Inbreakable, in the future, please remember that sometimes things get lost in communication on the internets, and try to avoid lashing out with attacks that users are making "stupid arguments".


08-03-2012, 03:35 AM
Another issue is gearing. A servo that is geared slower will have higher torque. In hobby servo circuits, you'll see a "speed" rating, which is the speed to move 60 degrees with no load, and it typically ranges from 0.05 to 0.2 seconds. The same motor and servo would have four times the torque at 0.2 second speed as it has at 0.05 second speed.

Speaking of which -- what are the speed requirements for a walking gait, in everyone's experience?

08-03-2012, 09:09 AM
Sorry just didn't really like the snippy attitude I'll try to look over my post before I post them up.

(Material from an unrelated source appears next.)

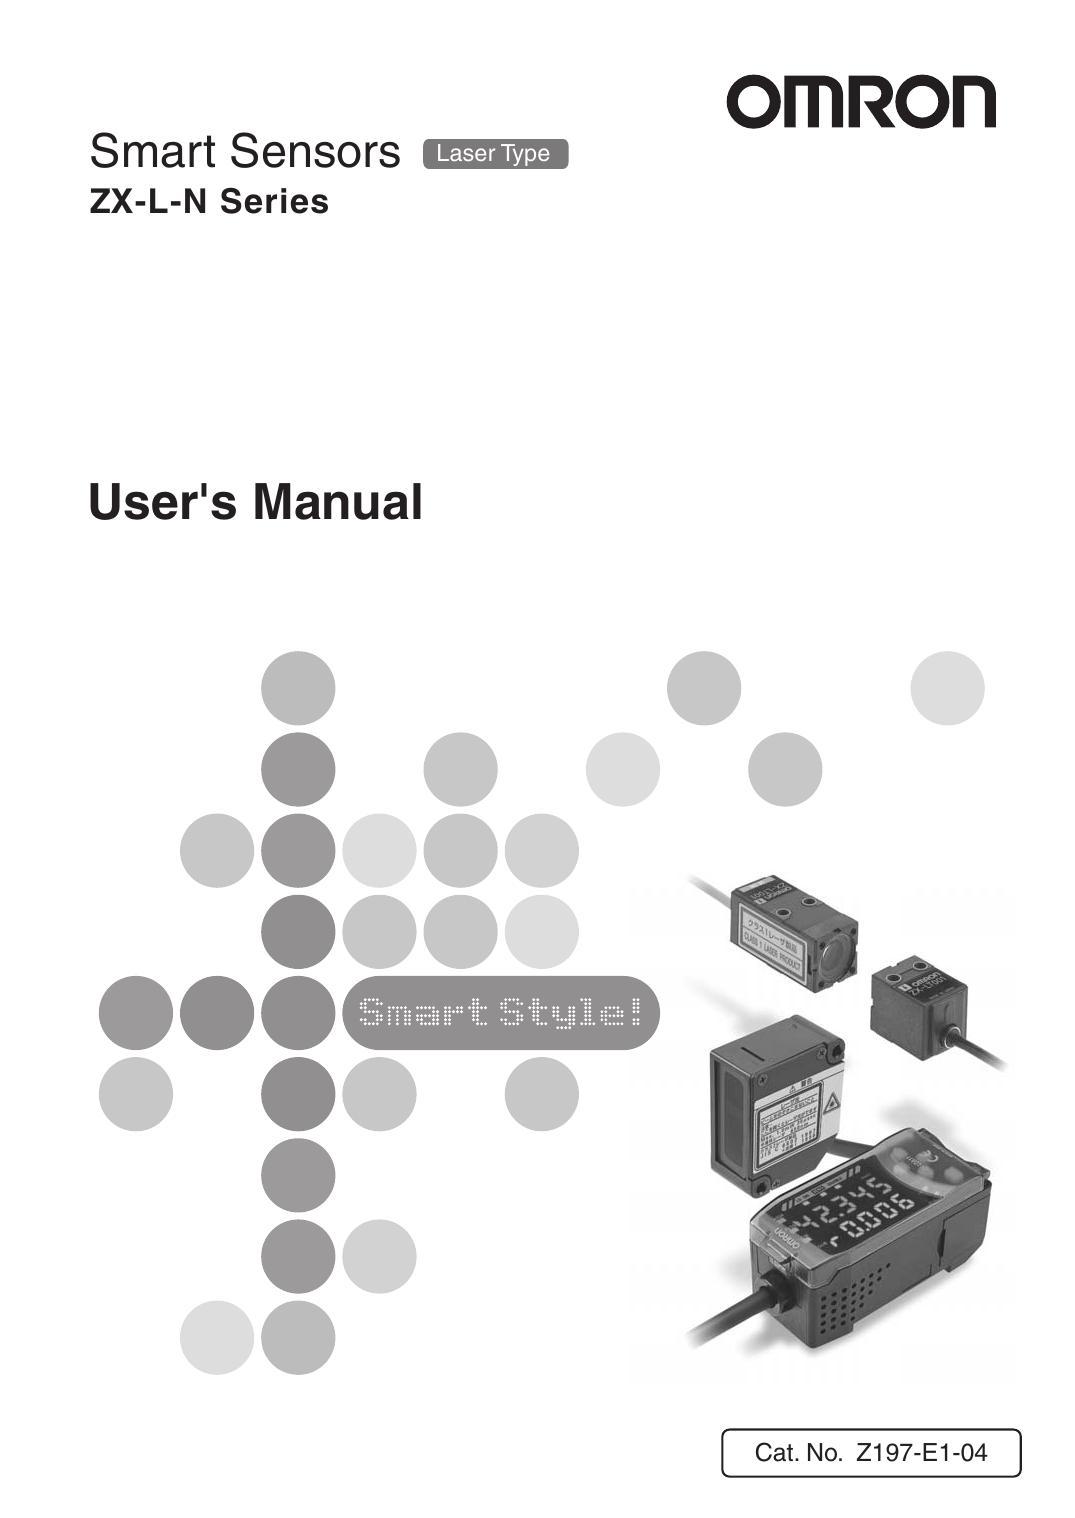 omron-smart-sensors-zx-l-n-series-users-manual.pdf

THank you for the info tho. Yeah I forgot about the fact one servo operates at twice the voltage haha... THanks for the input.

08-03-2012, 10:32 AM
Sorry just didn't really like the snippy attitude I'll try to look over my post before I post them up. THank you for the info tho. Yeah I forgot about the fact one servo operates at twice the voltage haha... THanks for the input.

There was no snippy attitude. Th232 is one of the more helpful posters on this forum and was simply trying to help. He certainly didn't need to apologize, quite the opposite, as you are in the wrong here.

Watch your own attitude, or you can find your way to the door. We're here to learn and share, not get upset and lash out because we don't understand something.